From 0cf88d036fb46c59926568340ac8d7b38d4c3ec6 Mon Sep 17 00:00:00 2001
From: liuliang01 <liu_bright@foxmail.com>
Date: Sun, 1 Jul 2018 04:24:03 +0800
Subject: [PATCH] Add qid like ranklib format (#2749)

* add qid for https://github.com/dmlc/xgboost/issues/2748

* change names

* change spaces

* change qid to bst_uint type

* change qid type to size_t

* change qid first to SIZE_MAX

* change qid type from size_t to uint64_t

* update dmlc-core

* fix qids name error

* fix group_ptr_ error

* Style fix

* Add qid handling logic to SparsePage

* New MetaInfo format + backward compatibility fix

Old MetaInfo format (1.0) doesn't contain qid field.
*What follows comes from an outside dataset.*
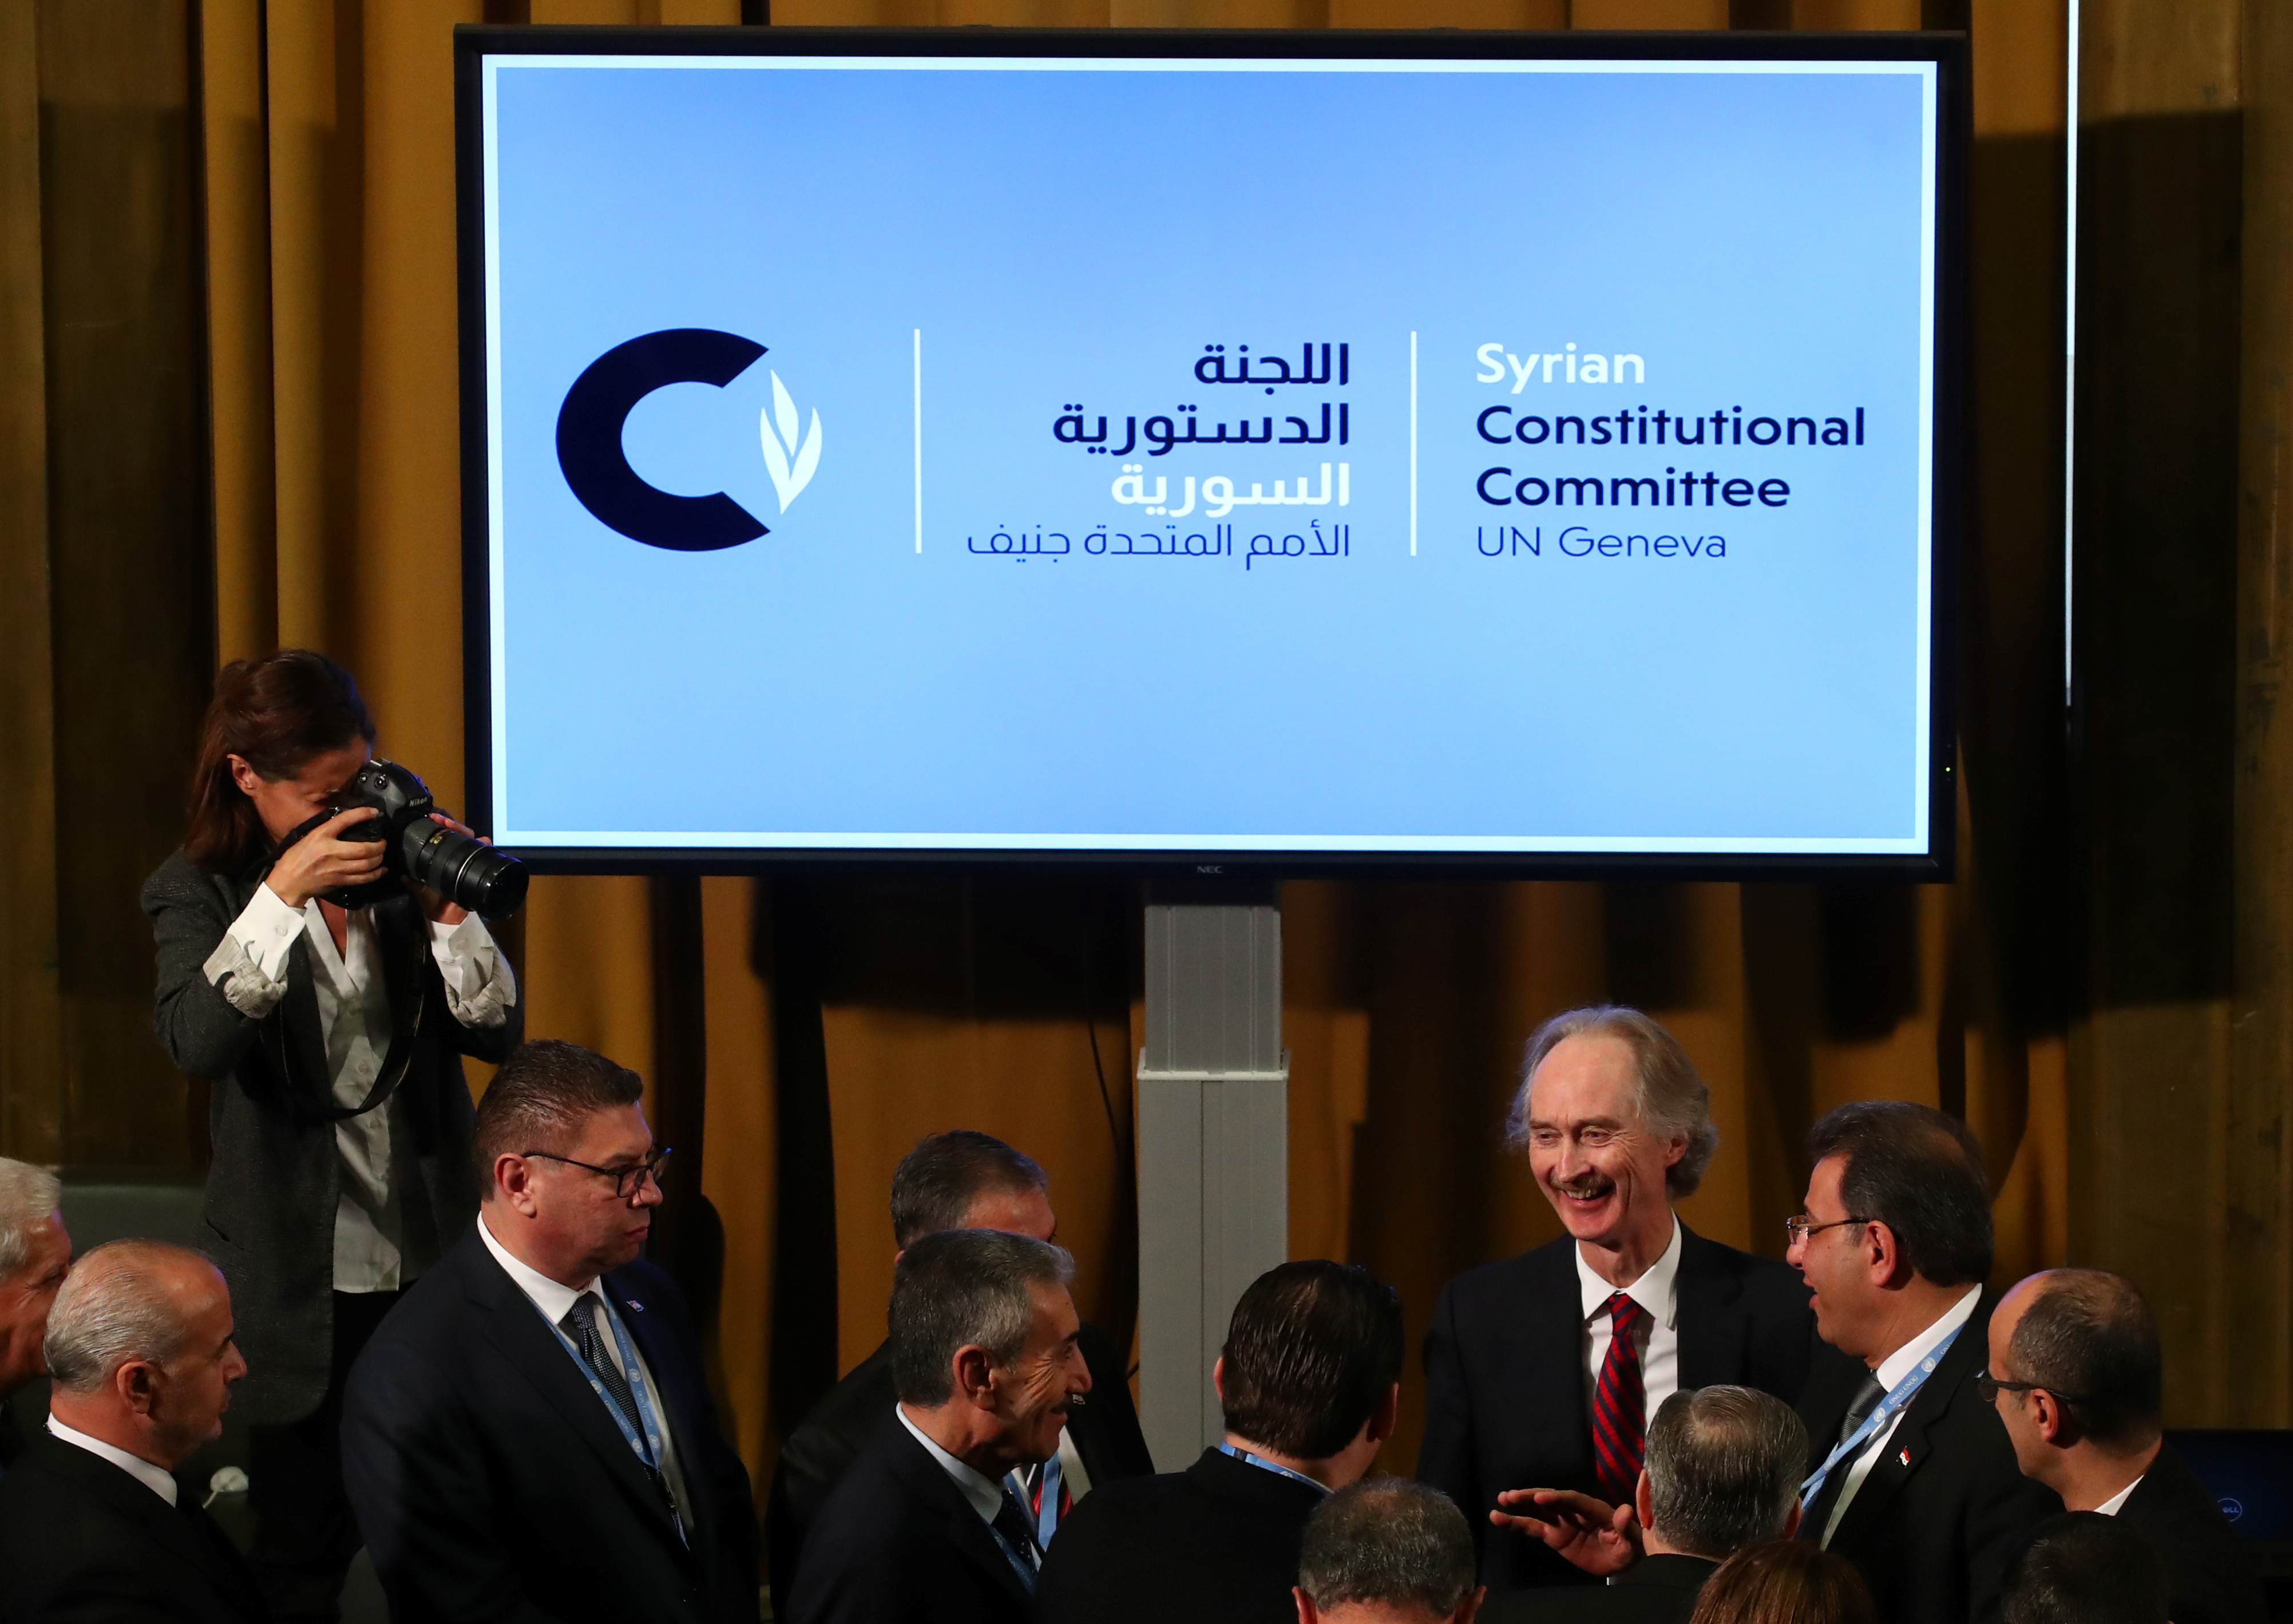 El enviado especial de la ONU para Siria aseguró que el rol de la organización internacional se limita a facilitar la labor del Comité de Discusión de la Constitución.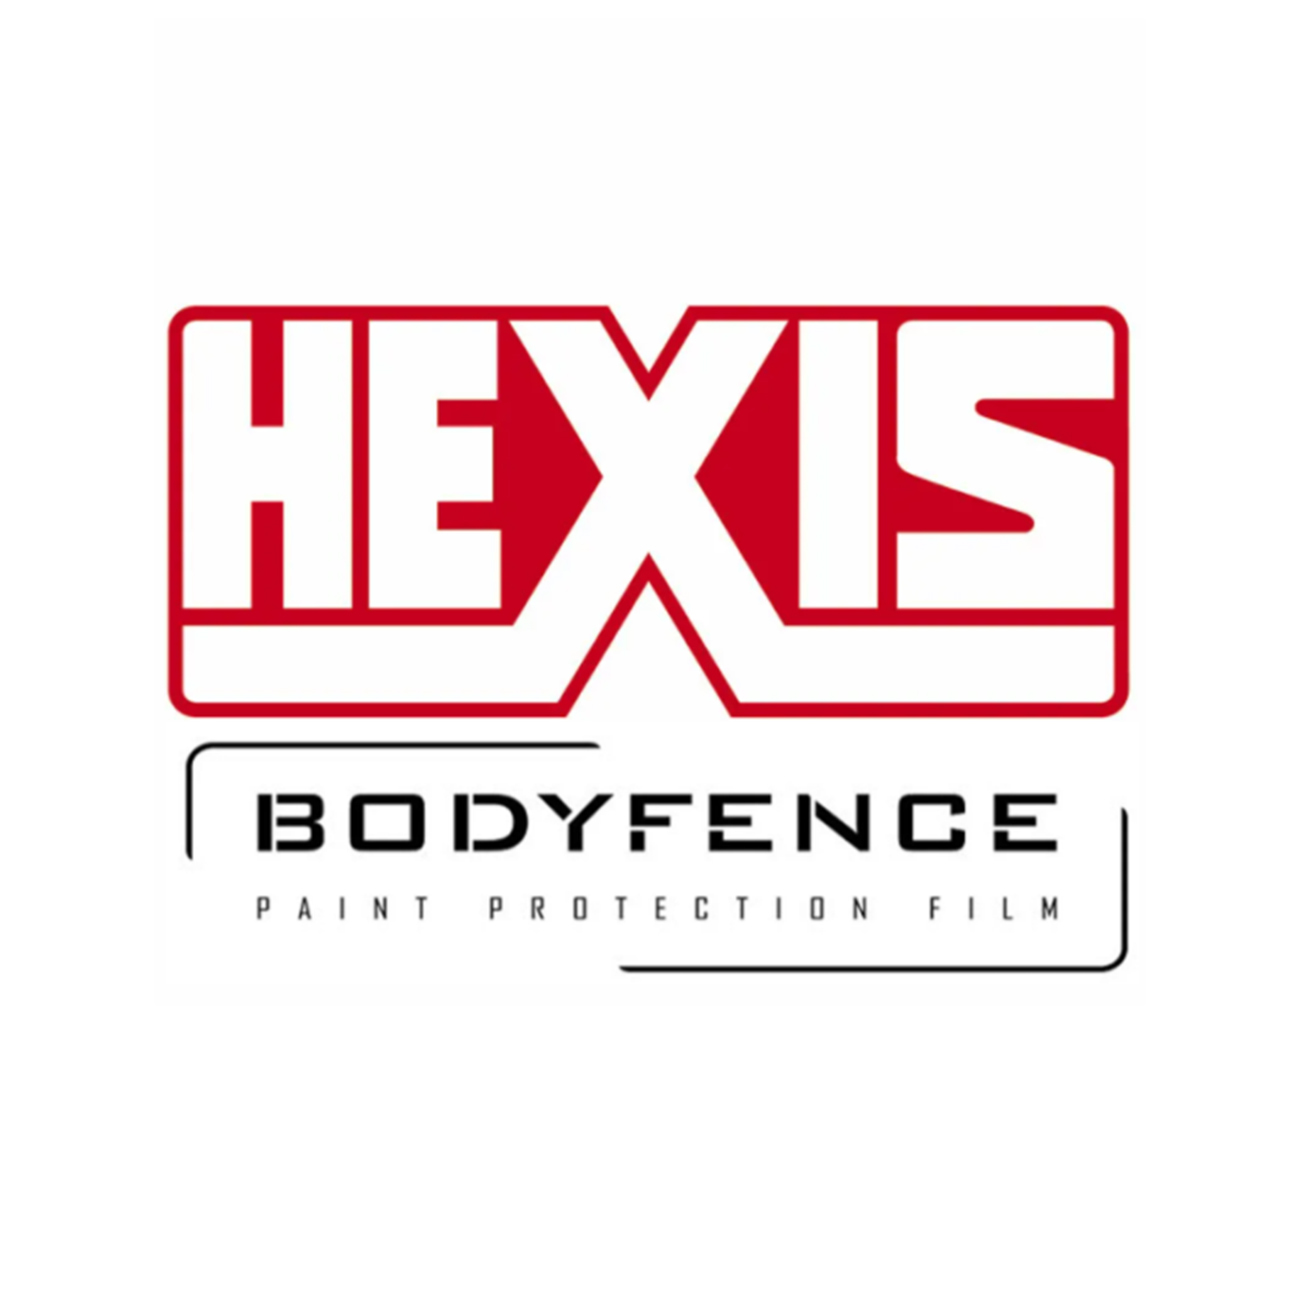 Hexis Bodyfence Х 76 см

We still want to be able
to read from MetaInfo files saved in old format. Also, define a new format
(2.0) that contains the qid field. This way, we can distinguish files that
contain qid and those that do not.

* Update MetaInfo test

* Simply group assignment logic

* Explicitly set qid=nullptr in NativeDataIter

NativeDataIter's callback does not support qid field. Users of NativeDataIter
will need to call setGroup() function separately to set group information.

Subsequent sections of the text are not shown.